Story generators allow for nearly unlimited fidelity if enough work is put in to write them. Above, we have created a correlation between only two tables but one can create arbitrary correlations between many tables and variables, including complex time series such as a patient’s test results or a customer’s orders. An example of this can be seen in our health data example use case. This opens utility far beyond simple pipeline testing or showcasing, including fitting statistical models to the synthetic data that could perform non-trivially well on the real data. The output of the source statistics queries are available as arguments for the story generators, just like they are for the custom row generators. Thus the synthetic data generated can be made to match the original data in whatever ways are desired. The only significant limitation is that referencing or updating rows created before the current story was run is not easy (although not impossible either, by using the dst_db_conn object).

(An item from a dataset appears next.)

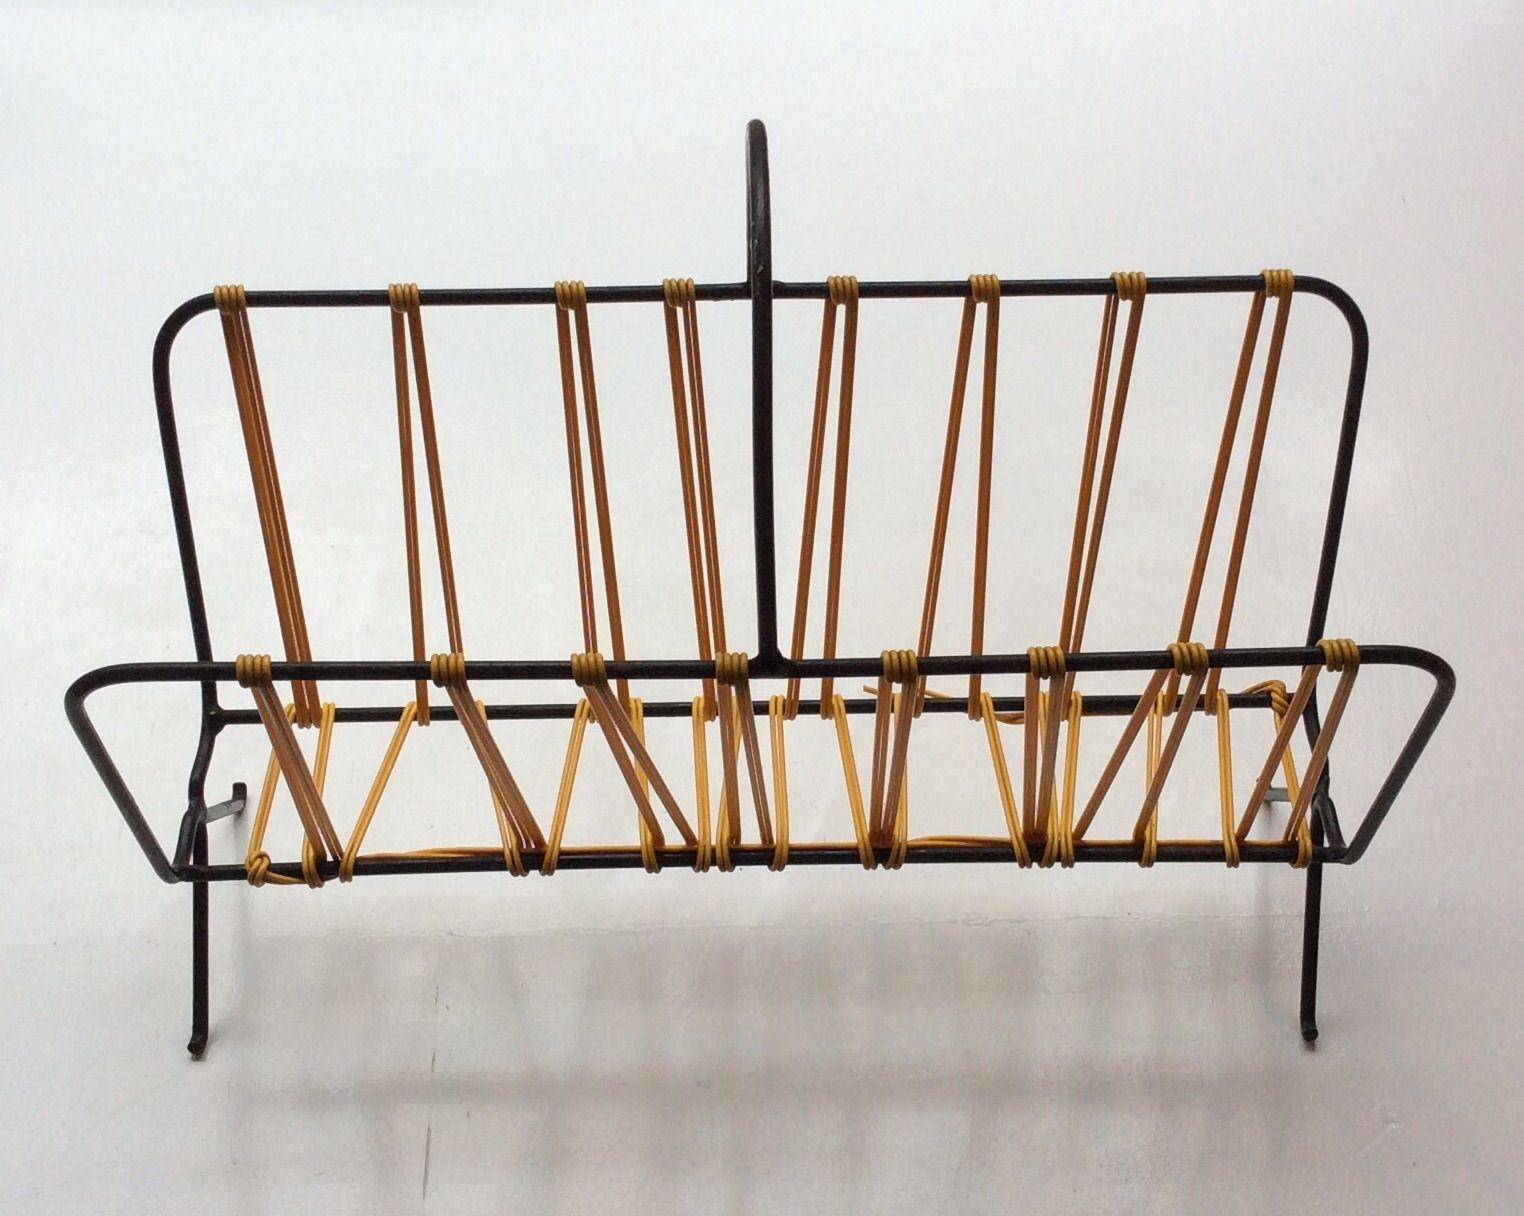 lehtiteline 60 luvulta . runko mustaa metallia ja keltaista muovinarua . korkeus 37.5cm . leveys 45cm . syvyys 18.5cm . #kooPernu

Note that we make here the same trade off as we did before: generating very high fidelity data requires significant effort on the user’s part, in writing the Python code for any story generators that are needed, and any source statistics SQL queries needed to inform those generators of properties of the original data. This is in contrast with other more automated synthetic data generators, such as GANs, which automatically learn various features of the source data and try to replicate them. However, what we gain are:

  • Full transparency and control over the ways in which the source data is utilised, and thus the ways in which privacy could in principle be at risk, including easy implementation of differential privacy guarantees.

  • The possibility of starting from very low fidelity data, and incrementally adding fidelity to particular aspects of the data, as is needed to serve the utility of whatever use case the synthetic data is created for.

Examples of the complete files generated by the tutorial can be found at: /sqlsynthgen/examples/airbnb.